Even though the screen adaptation of the futuristic novel strikingly differs from the Cline’s original story, the philosophical spirit that informed the book is very much in evidence. Ready Player One philosophy of the full-scale humanitarian crisis in VR and IRL (in real world) is there. Thus, it can hardly be argued that book better than movie. At the same time, the question begs the answer: “How close are we to Ready Player One technology?” At this point, it is an article of faith for many people that rampant technological escapism is inevitable. Given that the book’s quotes about reality (e.g. “Going outside is highly overrated”) are eerily reminiscent of sentiments held by our society, we should be more than cautious about creating a real life OASIS. Do you think the Ready Player One technology will come to life in the future?
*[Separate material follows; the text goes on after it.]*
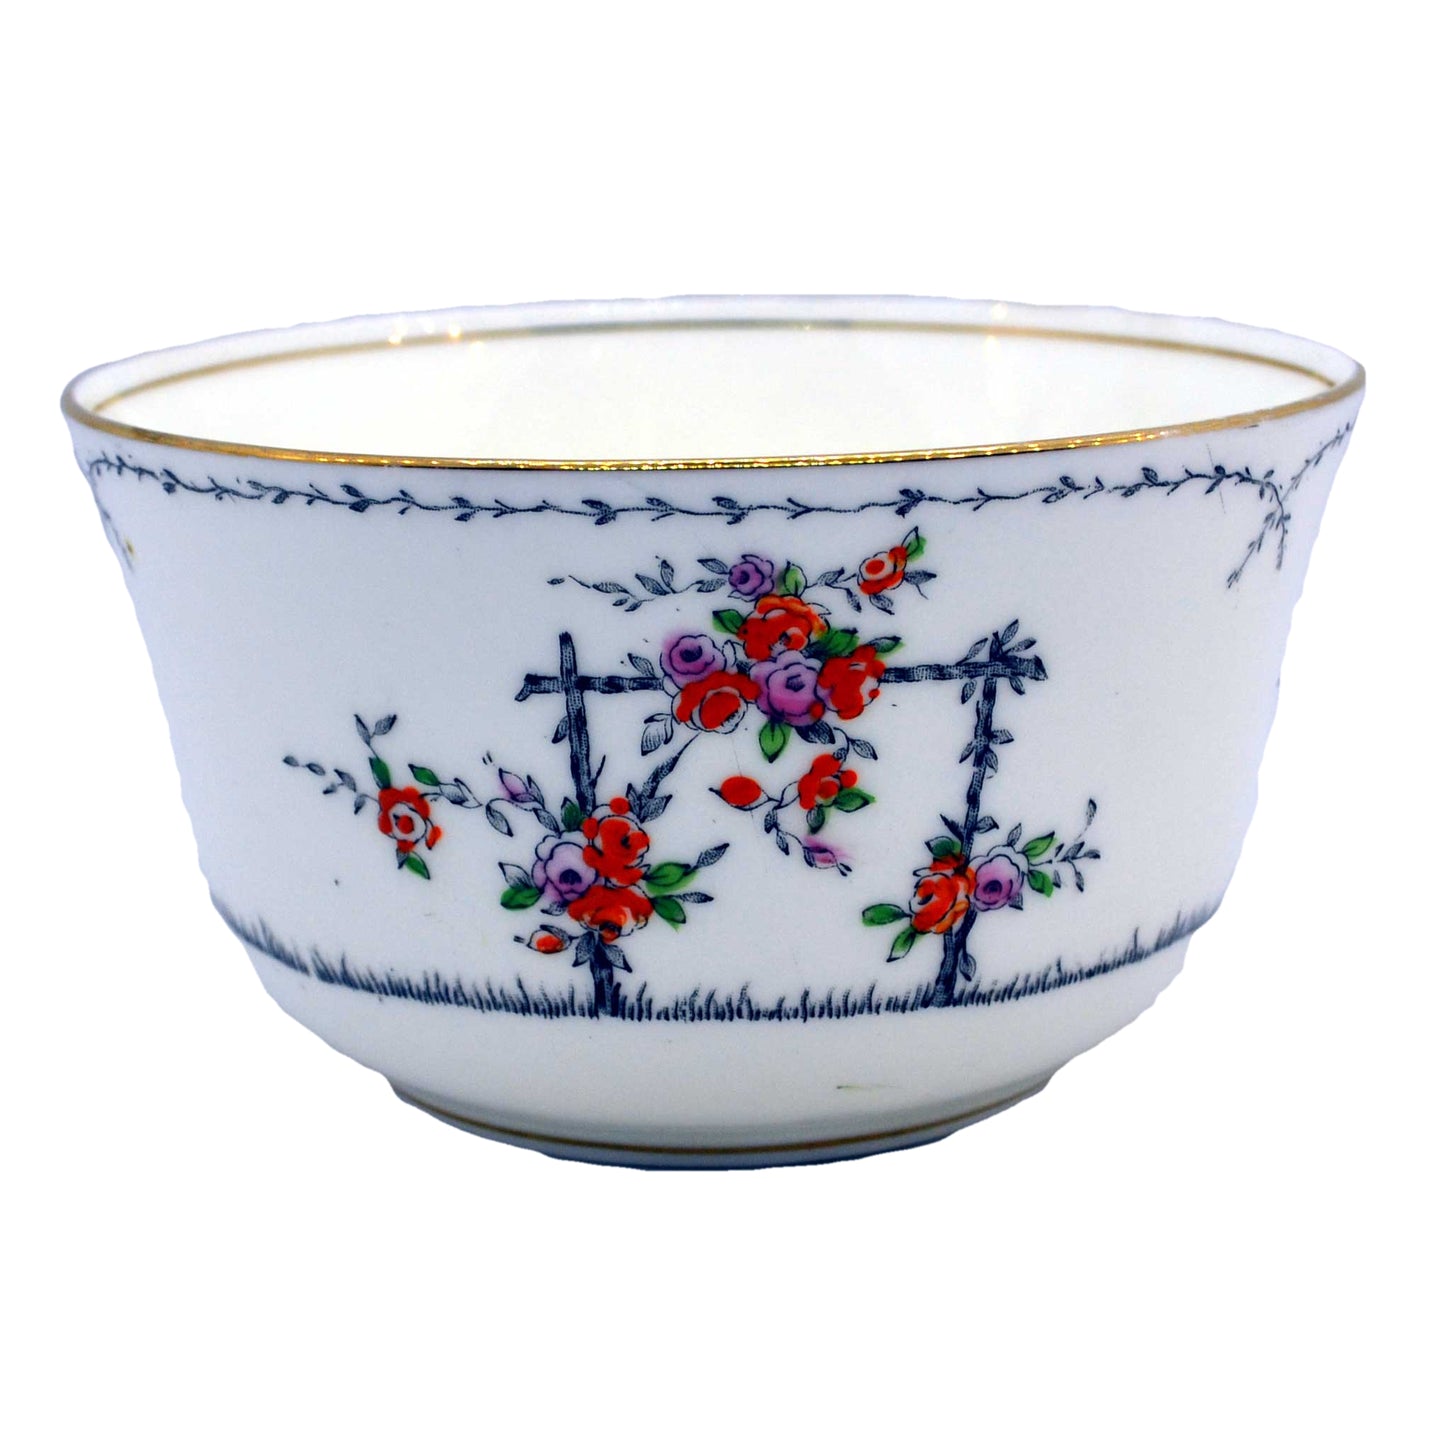 Vintage Gladstone china sugar bowl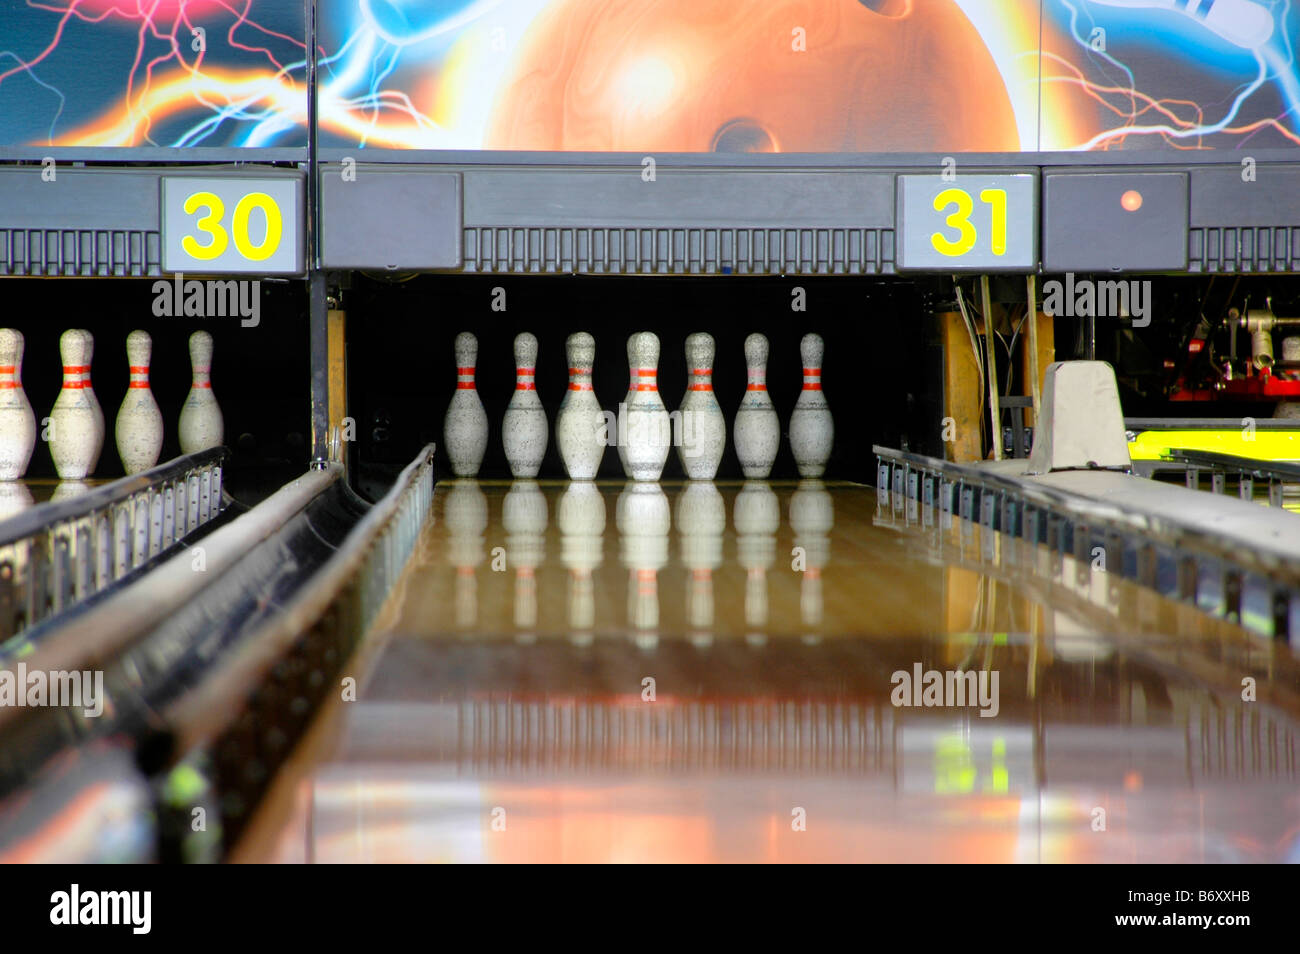 A set of ten pin bowling skittles and lane. Stock Photo

All References in Ready Player One Book and Cameos Galore
Reay Player One Easter eggs, 80s references, and themes are head-spinning. The list of anime allusions (e.g., Evangelion) and games paraphernalia (e.g., Overwatch) is too long to even mention here, but it certainly makes for a wild ride. That being said, one should not necessarily understand every pop culture reference in order to enjoy the book. The menagerie of quirky characters is infinitely amusing in its own right.
Ready Player One Analysis: The Book Is Bad?
The controversy that erupted over the book has completely engulfed the literary blogosphere. Harsh criticism has not spared either the author, who was accused of racism, or the protagonist, who has been proclaimed a bad guy. The novel itself has been repeatedly called sexist and overrated. The worst quotes about the book include such masterpieces of biting writing as “a dull, pandering tableau of reference points as an end unto themselves” and “a one-note celebration of pop-culture nostalgia.” So why has the book garnered so much scorn from the readers whose differences of opinion…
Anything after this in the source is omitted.